*** DATASET CONTENT

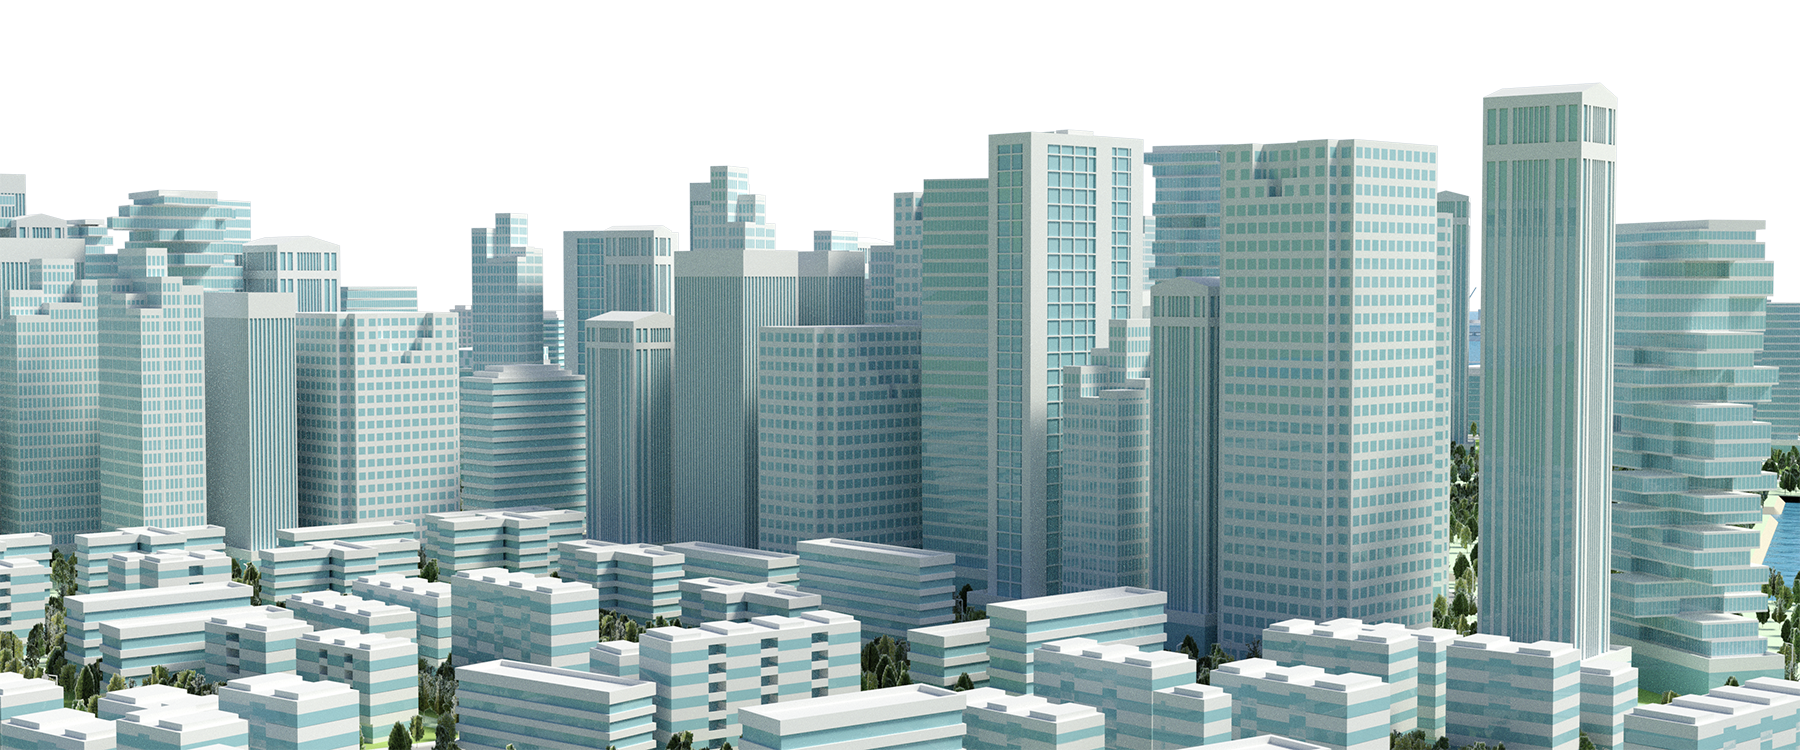 Building City Download Free Image PNG Image
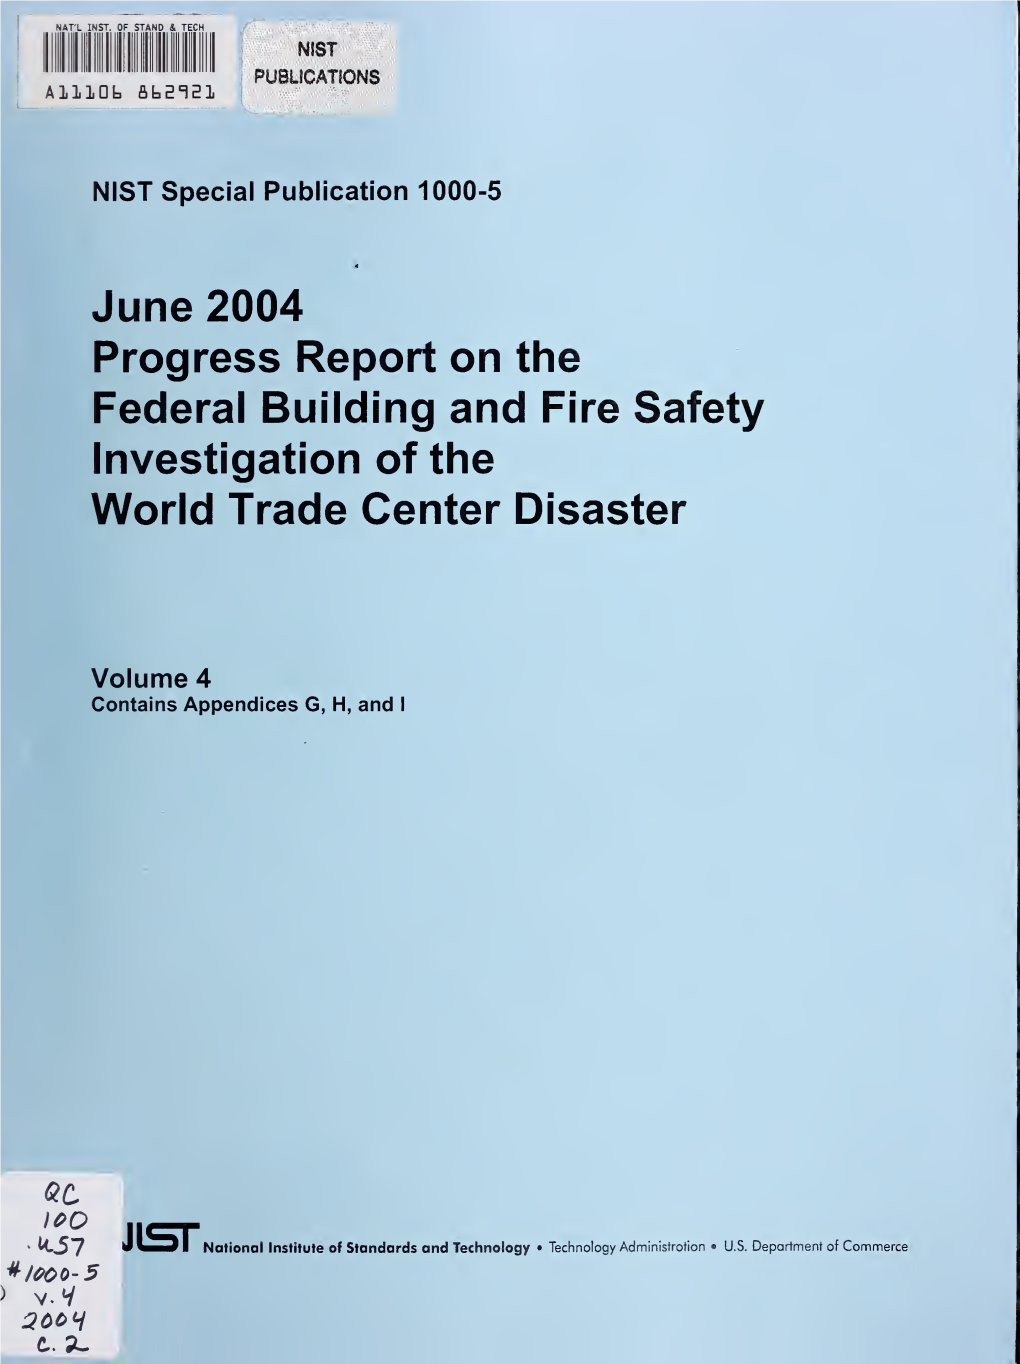 Progress Report on the Federal Building and Fire Safety Investigation of the World Trade Center Disaster
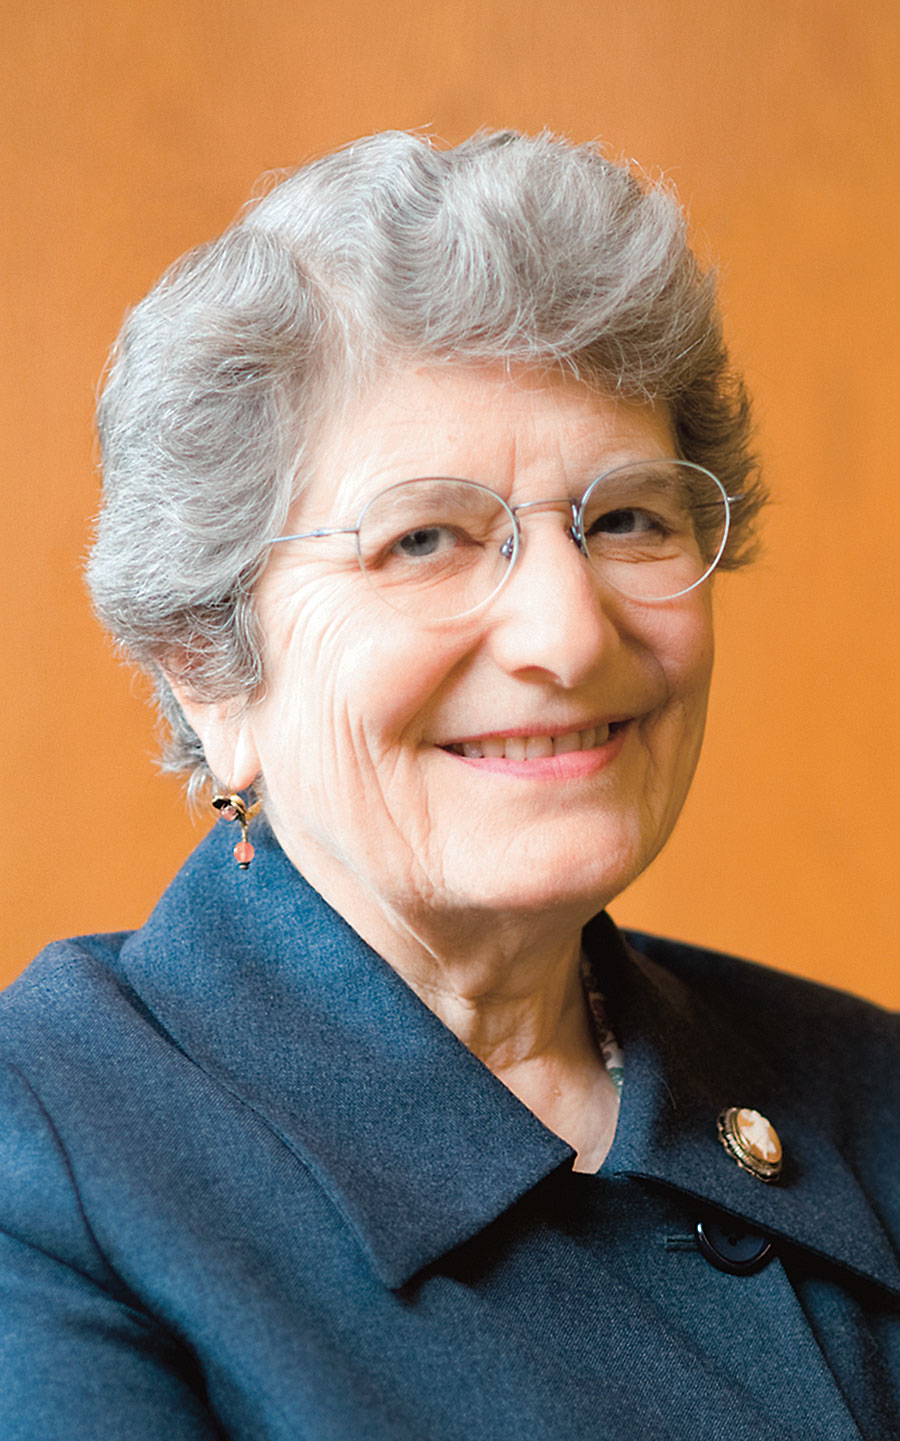 Portrait photo of a smiling Roberta Karmel wearing a navy coat, wireframe glasses, and orange jewelry against an orange background
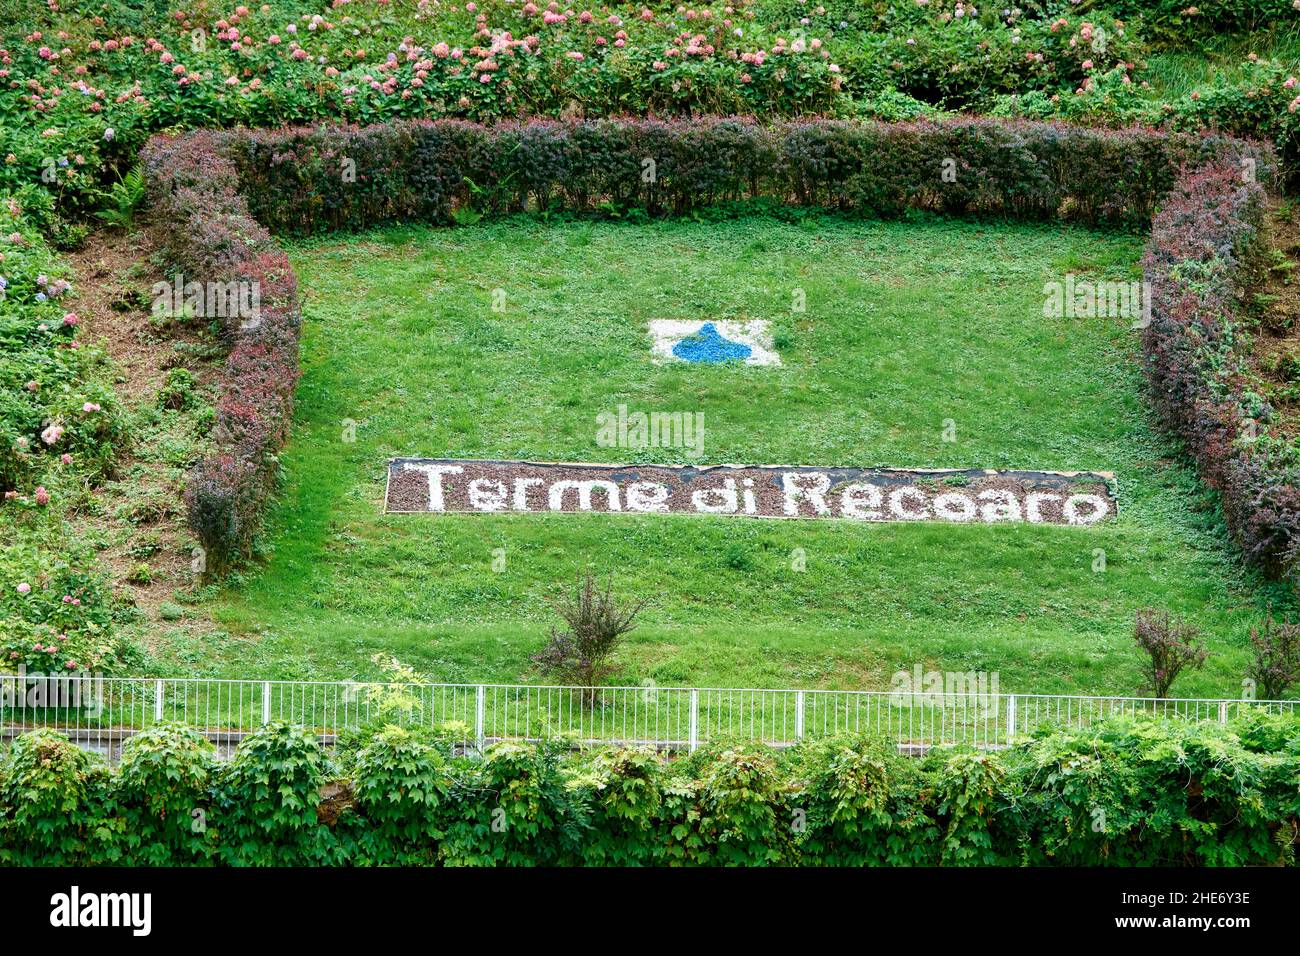 The word Recoaro Terme is written on the ground of a flower bed in the park of the thermal complex of Recoaro in Italy Stock Photo

******

THE PROBLEM: The copy must match the listing above exactly but contain no pictures.

ANSWER AREA:
 Building City Download Free Image PNG Image
 Progress Report on the Federal Building and Fire Safety Investigation of the World Trade Center Disaster
 Portrait photo of a smiling Roberta Karmel wearing a navy coat, wireframe glasses, and orange jewelry against an orange background
 The word Recoaro Terme is written on the ground of a flower bed in the park of the thermal complex of Recoaro in Italy Stock Photo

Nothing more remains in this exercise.